Adapter les programmes de lutte contre la tuberculose pour faire face aux défis du COVID-19 : les enseignements tirés des Philippines

05 octobre 2021

Dès le premier confinement dû au COVID-19 mis en place aux Philippines, l’année dernière, le Programme national de lutte contre la tuberculose du ministère de la Santé savait qu’il devait agir vite afin que les patients atteints de tuberculose continuent d’avoir accès à leurs traitements vitaux. Les programmes de lutte contre des maladies comme le VIH, la tuberculose et le paludisme ont brusquement été mis au défi de trouver des moyens de continuer à fournir des services de santé dans un pays où des mesures strictes de confinement et de restriction des transports avaient été mises en place.

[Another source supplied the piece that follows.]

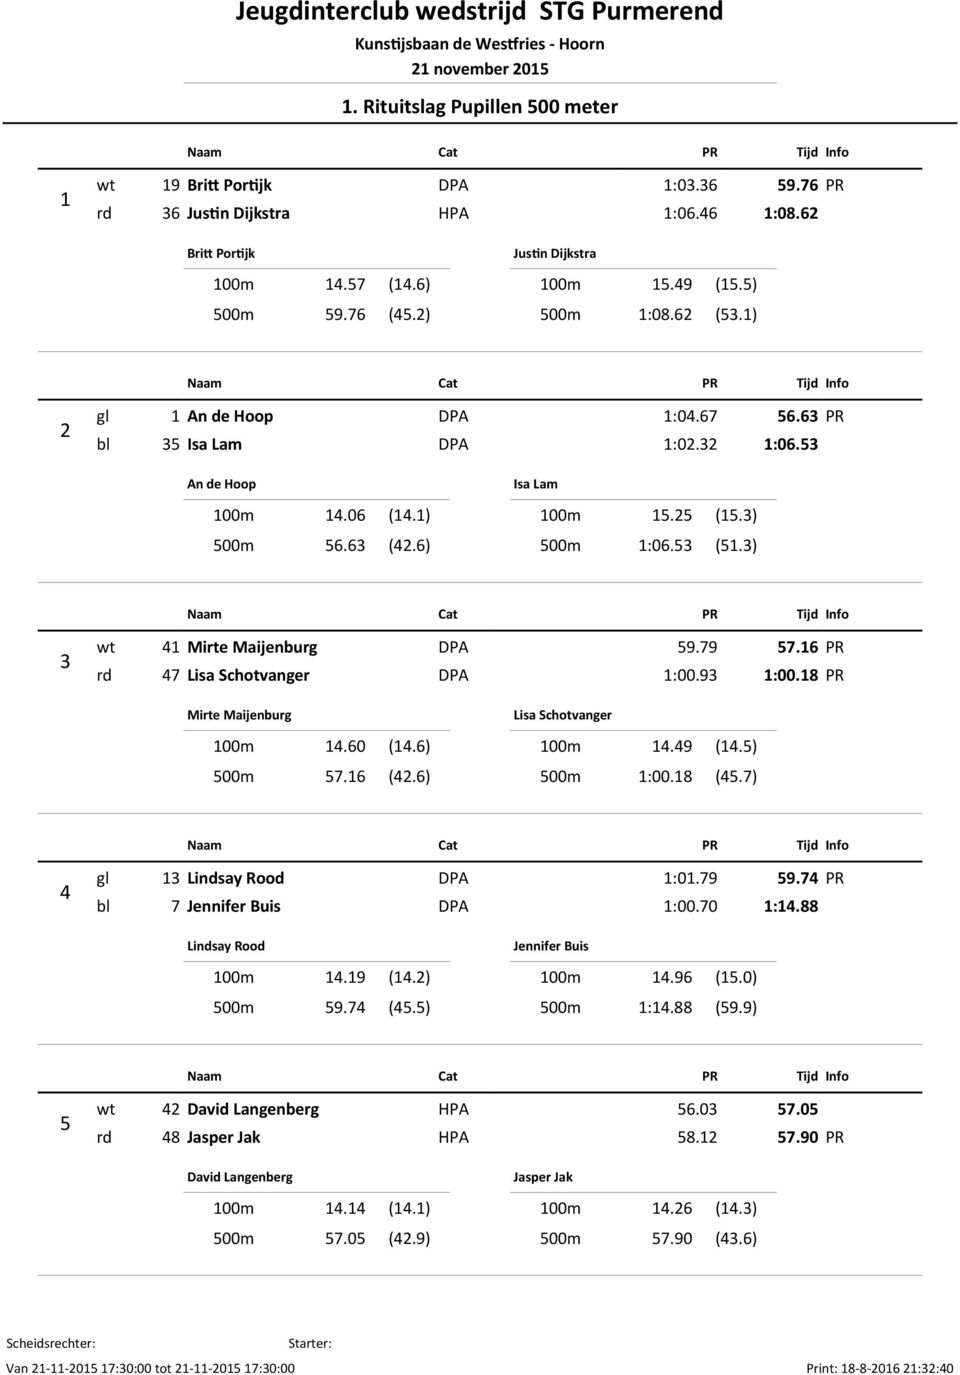 3) 3 wt 41 Mirte Maijenburg DPA 59.79 57.16 rd 47 Lisa Schotvanger DPA 1:00.93 1:00.18 Mirte Maijenburg 100m 14.60 (14.6) 500m 57.16 (42.6) Lisa Schotvanger 100m 14.49 (14.5) 500m 1:00.18 (45.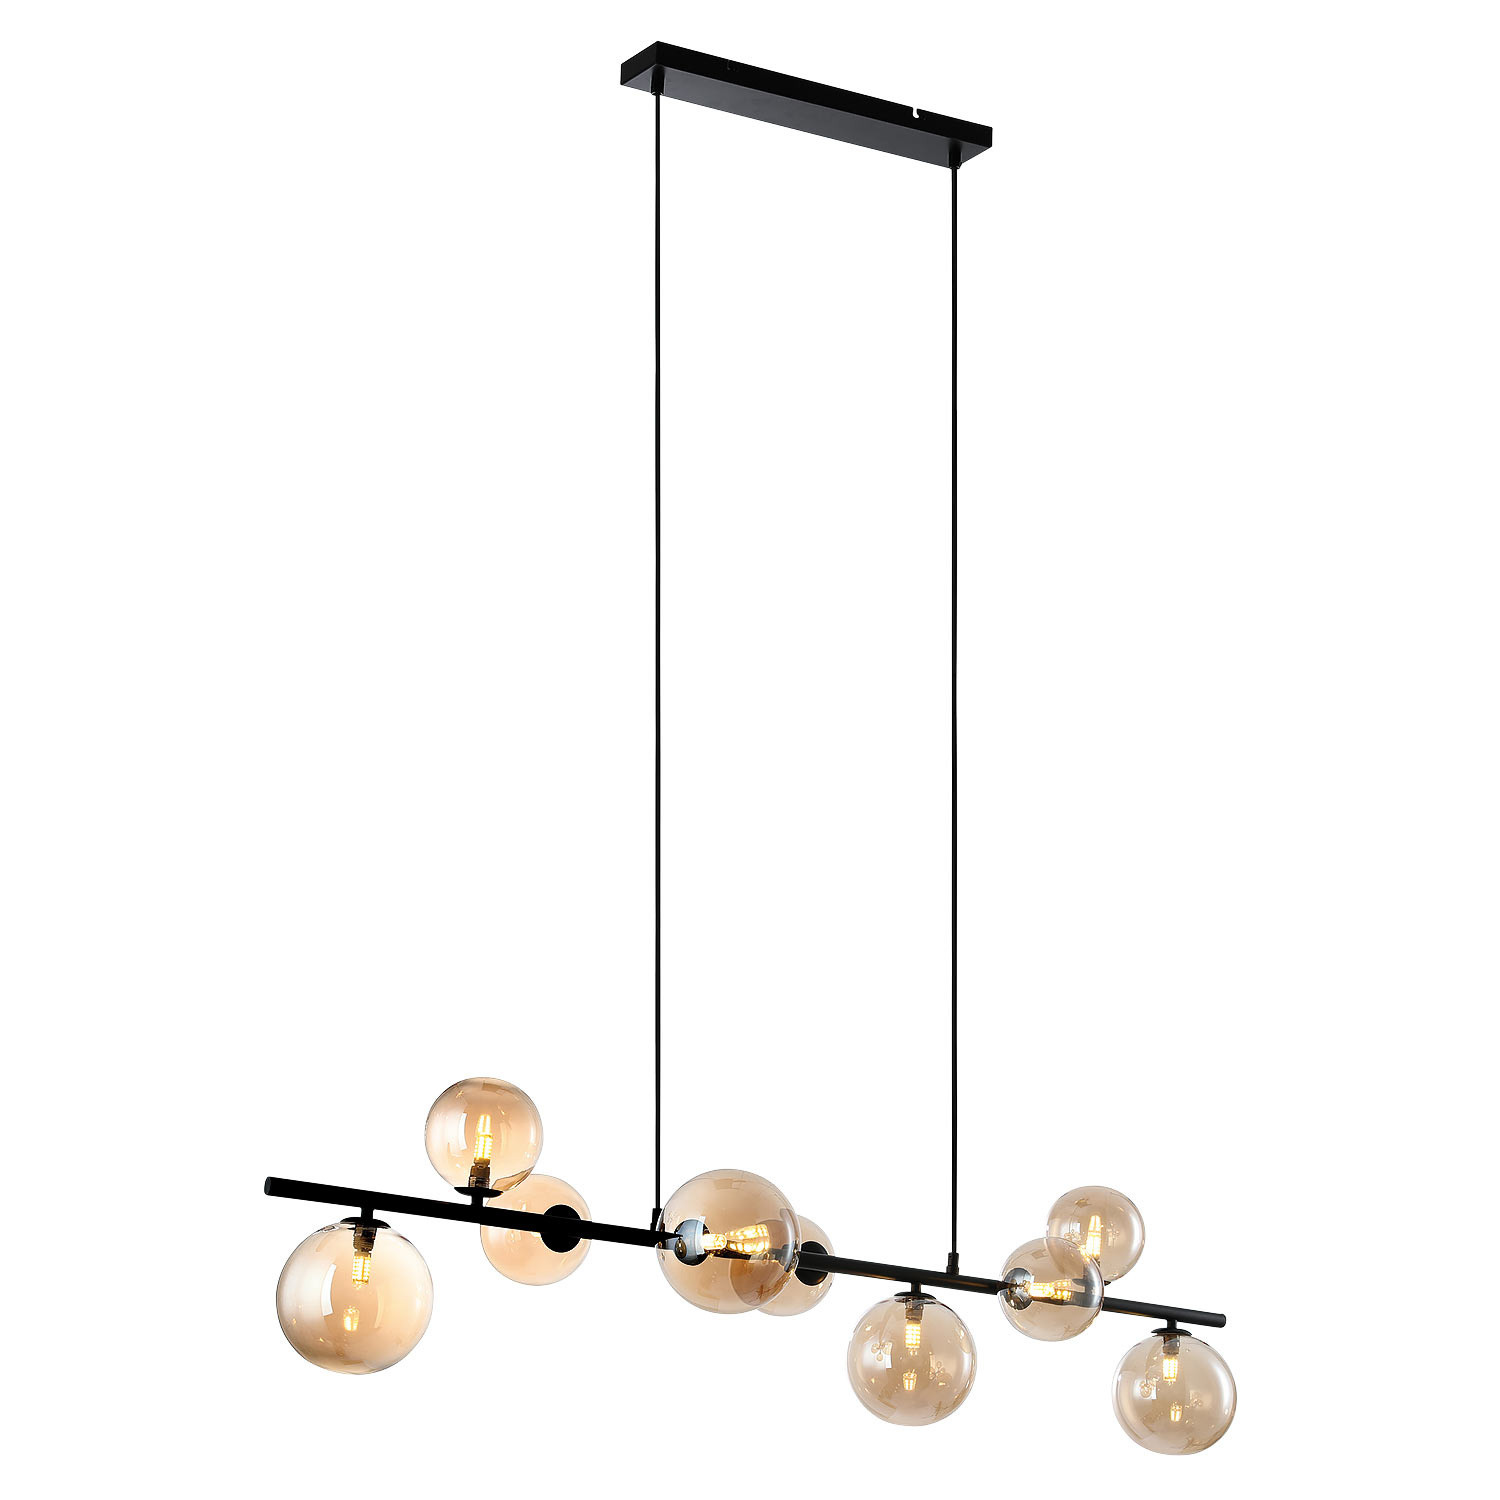 Freelight Hanglamp Calcio 9 lichts L 125 cm excl. 9x G9 LED amber glas zwart

« Lorsque nous avons été confinés, nous avons immédiatement été pris au dépourvu », a déclaré Arnyl Araneta, chef du programme pour la promotion d’une prise en charge centrée sur le patient et du projet pour le développement des services pérennes de lutte contre la tuberculose (« ACCESS TB »), un programme financé par le Fonds mondial et mis en œuvre par l’ONG Philippine Business for Social Progress (PBSP).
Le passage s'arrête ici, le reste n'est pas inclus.